# Generate Synthetic Data

This notebook generates synthetic data in the same shape as the groundwater data from [https://doi.org/10.25919/skw8-yx65](https://doi.org/10.25919/skw8-yx65).

In [1]:
import os
import glob
import numpy as np

In [2]:
import rpy2.robjects as robjects
readRDS = robjects.r['readRDS']

In [3]:
parameter_list = ['GW_depth', 'coordinates_scaled', 'year_scaled', 'DEM_scaled', 'precip_scaled', 'PET_scaled']
sizes_dict = dict.fromkeys(parameter_list)

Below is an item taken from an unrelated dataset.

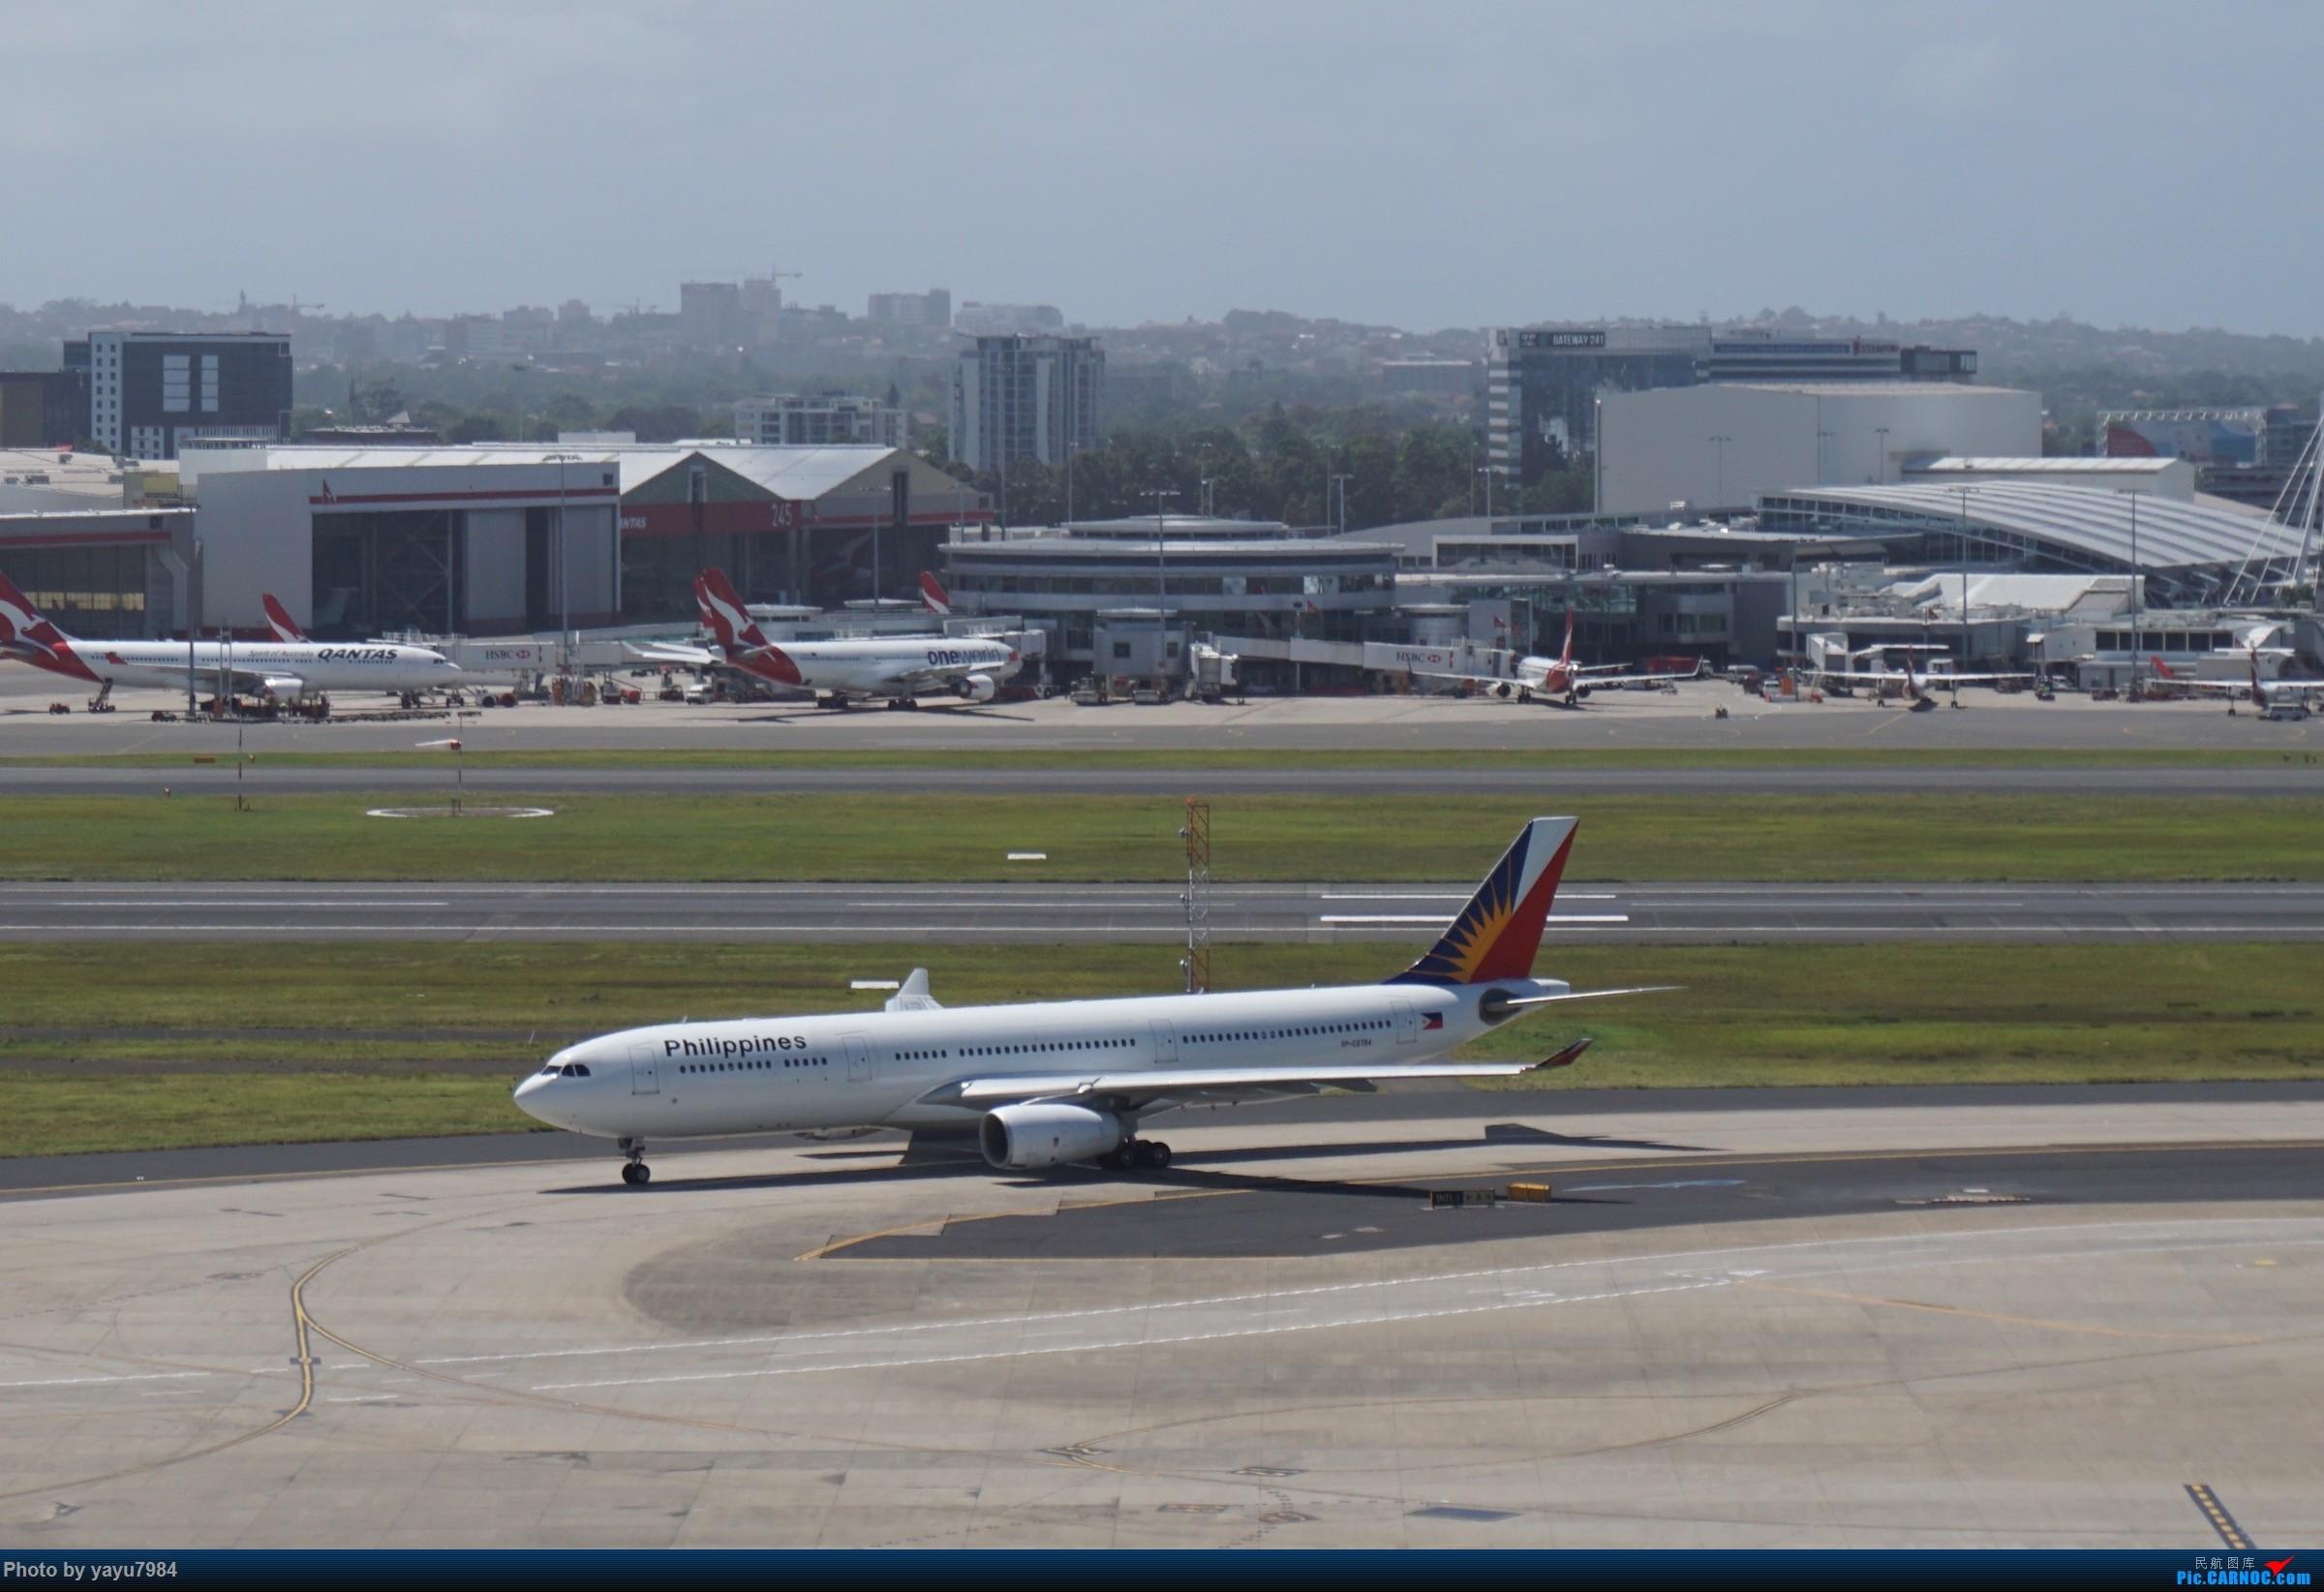 Re:[原创][SYD] 停车楼顶看宽体 AIRBUS A330-300 RP-C8784 澳大利亚悉尼金斯福德·史密斯机场

**WARNING**: Do not re-run the following cell unless you have access to the orignal groundwater dataset

In [4]:
RDS_path = os.path.join('..', '..', 'RDSdata', 'train')
for param in parameter_list:
    file = param + '_train'
    rds_file = readRDS(os.path.join(RDS_path, file)+'.rds')
    sizes_dict[param] = np.shape(rds_file)

In [5]:
sizes_dict

{'GW_depth': (310143,),
 'coordinates_scaled': (310143, 2),
 'year_scaled': (310143, 1),
 'DEM_scaled': (310143, 1, 9, 9),
 'precip_scaled': (310143, 12, 9, 9),
 'PET_scaled': (310143, 12, 9, 9)}

In [6]:
data_dir = os.path.join('..', 'synthetic_data')
subdirs = ['train', 'tune', 'test']

The following cell determines how many synthetic data points to generate in each category (train, tune, test).

In [7]:
n_data = {'train': 100,
          'tune': 50,
          'test': 50}

In [8]:
def flatten_tuple(data):
    if isinstance(data, tuple):
        if len(data) == 0:
            return ()
        else:
            return flatten_tuple(data[0]) + flatten_tuple(data[1:])
    else:
        return (data,)

In [9]:
for param in parameter_list:
    print('Generating synthetic', param, 'data ...')
    for sub in subdirs:
        file_name = 'SYNTHETIC_'+param+'_'+sub+'.npy'
        file_path = os.path.join(data_dir, sub, file_name)
        size = n_data[sub], sizes_dict[param][1:]
        size = flatten_tuple(size)
        data = np.random.rand(*size)
        np.save(file_path, data, allow_pickle=False)
        print('Saved', param, sub, 'data.')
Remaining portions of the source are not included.